Now let's begin with the first building block of a RabbitMQ cluster running on Kubernetes: picking a namespace to deploy to.

Kubernetes Namespace and Permissions (RBAC)

Every set of Kubernetes objects belongs to a Kubernetes Namespace. RabbitMQ cluster resources are no exception.

We recommend using a dedicated Namespace to keep the RabbitMQ cluster separate from other services that may be deployed in the Kubernetes cluster. Having a dedicated namespace makes logical sense and makes it easy to grant just enough permissions to the cluster nodes. This is a good security practice.

RabbitMQ's Kubernetes peer discovery plugin relies on the Kubernetes API as a data source. On first boot, every node will try to discover their peers using the Kubernetes API and attempt to join them. Nodes that finish booting emit a Kubernetes event to make it easier to discover such events in cluster activity (event) logs.

The plugin requires the following access to Kubernetes resources:

  • get access to the endpoints resource
  • create access to the events resource

Specify a Role, Role Binding and a Service Account to configure this access.

An example namespace, along with RBAC rules can be seen in the rbac.yaml example file.

If following from the example, use the following command to create a namespace and the required RBAC rules. Note that this creates a namespace called test-rabbitmq.

The kubectl examples below will use the test-rabbitmq namespace. This namespace can be set to be the default one for convenience:

Alternatively, --namespace="test-rabbitmq" can be appended to all kubectl commands demonstrated below.

Use a Stateful Set

RabbitMQ requires using a Stateful Set to deploy a RabbitMQ cluster to Kubernetes. The Stateful Set ensures that the RabbitMQ nodes are deployed in order, one at a time. This avoids running into a potential peer discovery race condition when deploying a multi-node RabbitMQ cluster.

There are other, equally important reasons for using a Stateful Set instead of a Deployment: sticky identity, simple network identifiers, stable persistent storage and the ability to perform ordered rolling upgrades.
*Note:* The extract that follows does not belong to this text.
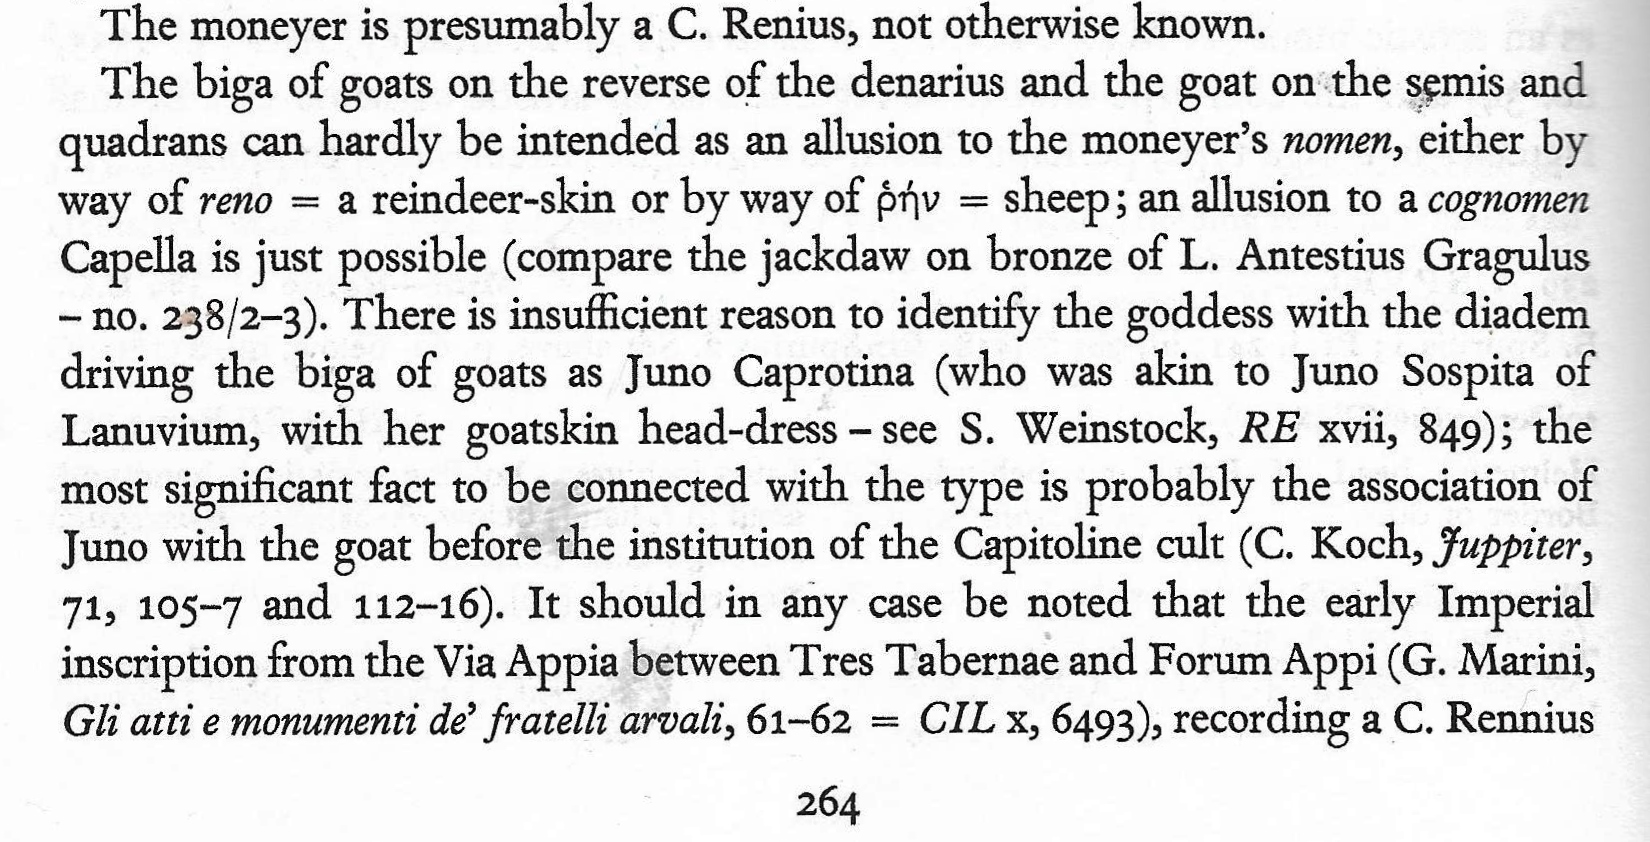 (2) Crawford p. 264 re C. Renius Juno (not Caprotina) goat biga.jpg

The Stateful Set definition file is packed with detail such as mounting configuration, mounting credentials, opening ports, etc, which is explained topic-wise in the following sections.

The final Stateful Set file can be found in the under gke directory.

Create a Service For Clustering and CLI Tools

The Stateful Set definition can reference a Service which gives the Pods of the Stateful Set their network identity. Here, we are referring to the v1.StatefulSet.Spec.serviceName property.

This is required by RabbitMQ for clustering, and as mentioned in the Kubernetes documentation, has to be created before the Stateful Set.

RabbitMQ uses port 4369 for port 4369 for node discovery and port 25672 for inter-node communication. Since this Service is used internally and does not need to be exposed, we create a Headless Service. It can be found in the example headless-service.yaml file.

If following from the example, run the following to create a Headless Service for inter-node and CLI tool traffic:

The service now can be observed in the test-rabbitmq namespace:

Use a Persistent Volume for Node Data

In order for RabbitMQ nodes to retain data between Pod restarts, node's data directory must use durable storage. A Persistent Volume must be attached to each RabbitMQ Pod.

If a transient volume is used to back a RabbitMQ node, the node will lose its identity and all of its local data in case of a restart. This includes both schema and durable queue data. Syncing all of this data on every node restart would be highly inefficient. In case of a loss of quorum during a rolling restart, this will also lead to data loss.

In our statefulset.yaml example, we create a Persistent Volume Claim to provision a Persistent Volume.

The Persistent Volume is mounted at /var/lib/rabbitmq/mnesia. This path is used for a RABBITMQ_MNESIA_BASE location: the base directory for all persistent data of a node.

A description of default file paths for RabbitMQ can be found in the RabbitMQ documentation.

Node's data directory base can be changed using the RABBITMQ_MNESIA_BASE variable if needed. Make sure to mount a Persistent Volume at the updated path.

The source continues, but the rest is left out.